Here are the results of running the code as it is in the github repository for this book:
1 -- best epsilon = 0.28
2 -- number of test examples = 63
3 -- number of false positives = 0.0
4 -- number of true positives = 11.0
5 -- number of false negatives = 8.0
6 -- number of true negatives = 44.0
7 -- precision = 1.0
8 -- recall = 0.5789473684210527
9 -- F1 = 0.7333333333333334
10
11
12 Using the trained model:
13 malignant result = true, benign result = false
How do we evaluate these results?
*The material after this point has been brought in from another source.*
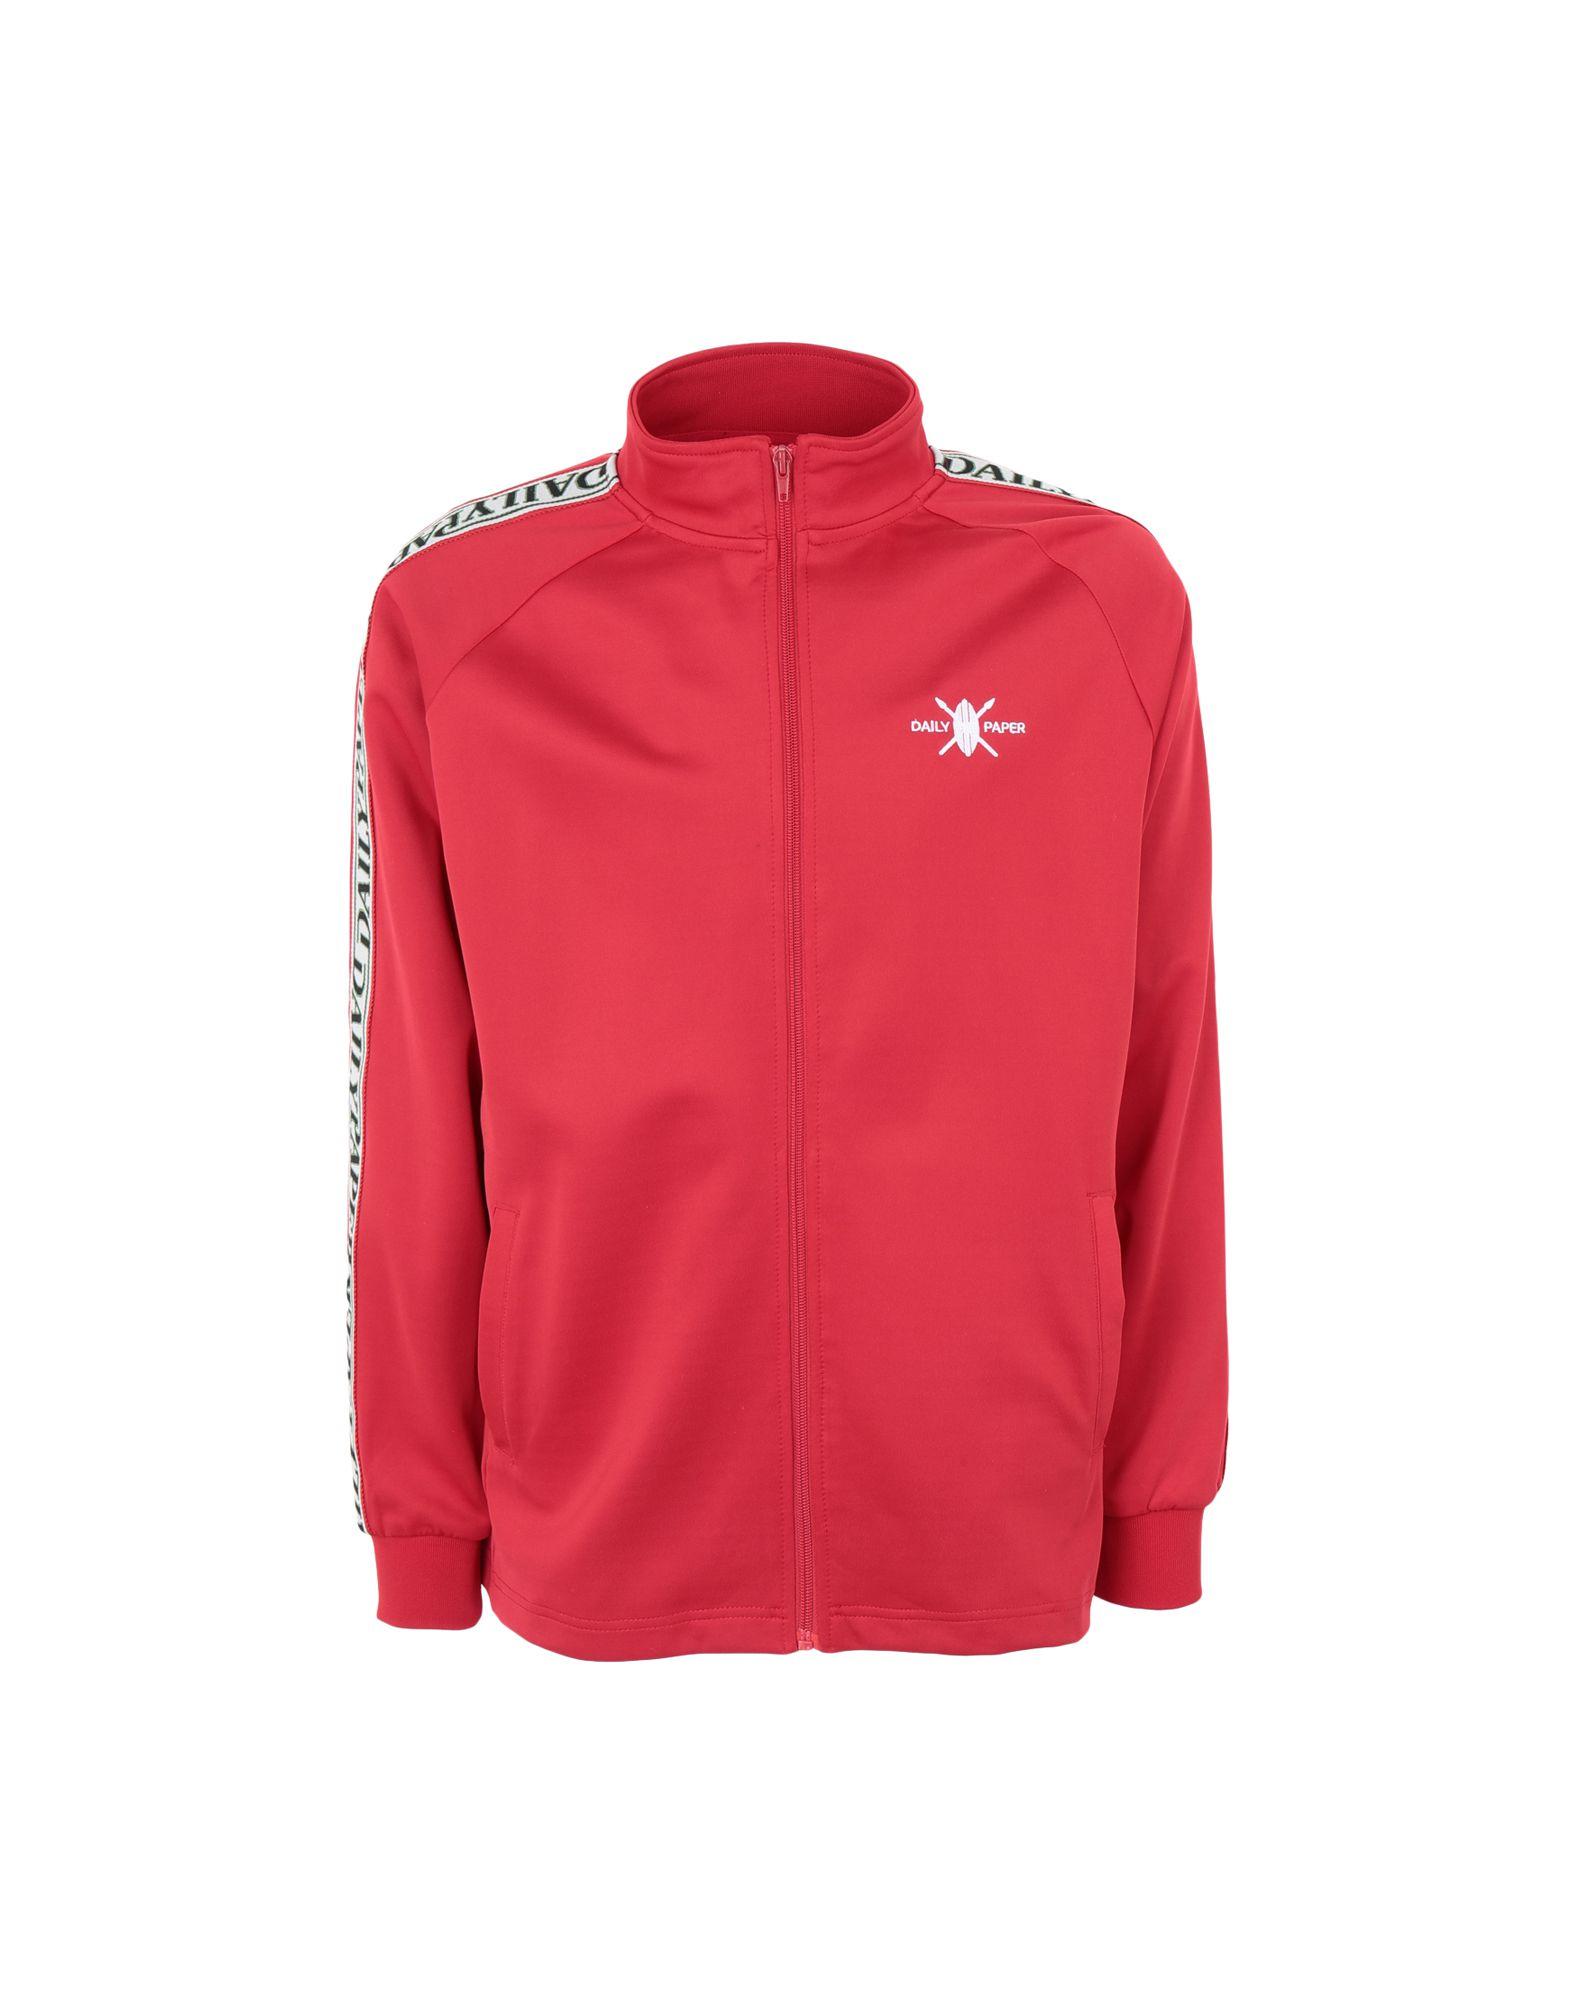 《期間限定セール中》DAILY PAPER メンズ スウェットシャツ レッド S ポリエステル 95% / ポリウレタン 5% TAPEVEST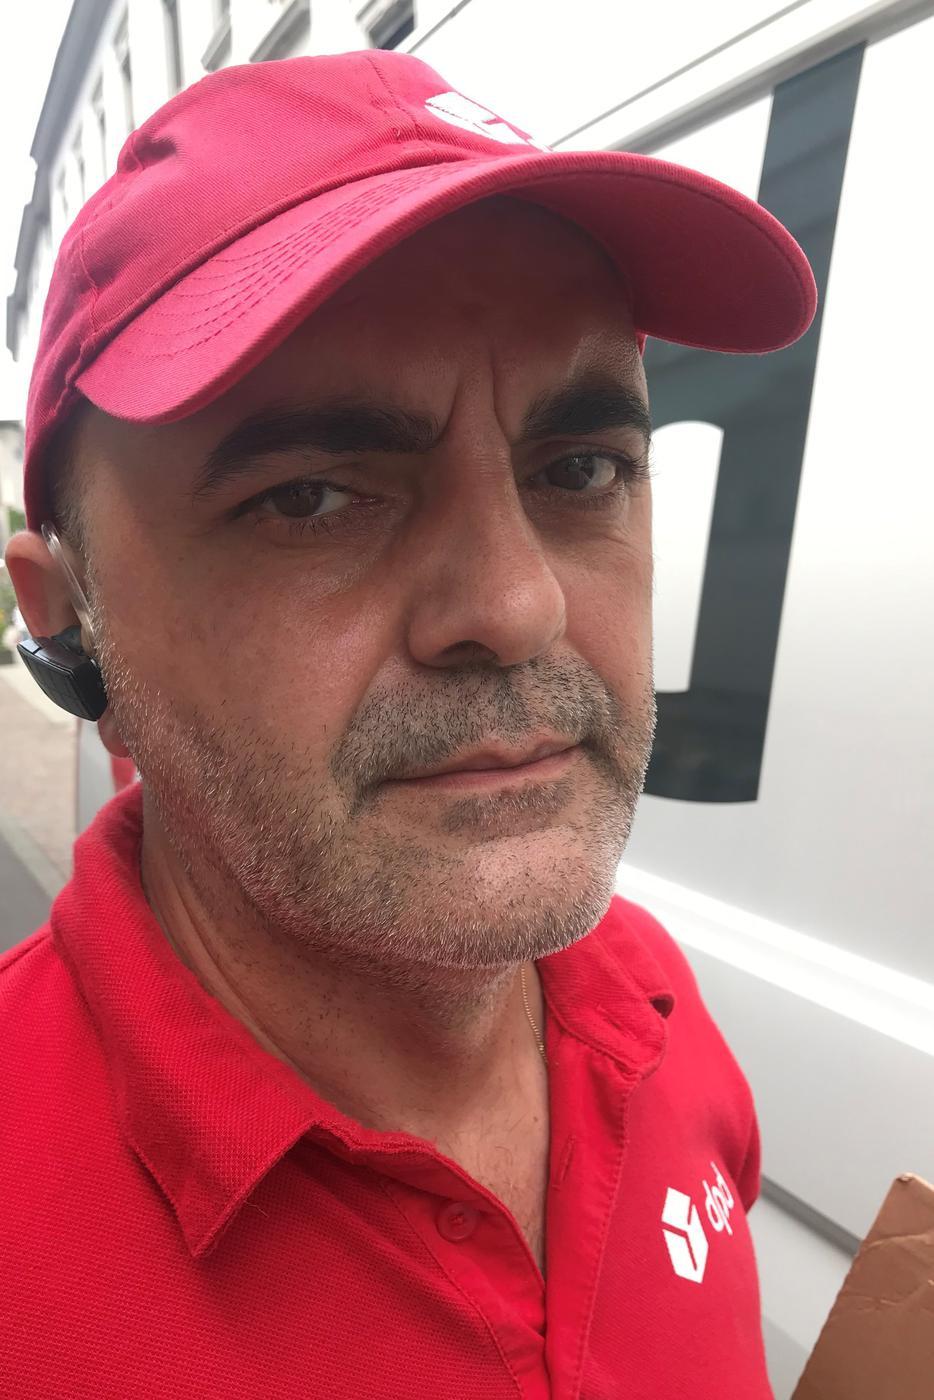 Marius Gheorghe ist Kurierfahrer und liefert Pakete aus.

The precision value of 1.0 means that there were no false positives. False positives are predictions of a true result when it should have been false. The value 0.578 for recall means that of all the samples that should have been classified as positive, we only predicted about 57.8% of them. The F1 score is calculated as two times the product of precision and recall, divided by the sum of precision plus recall.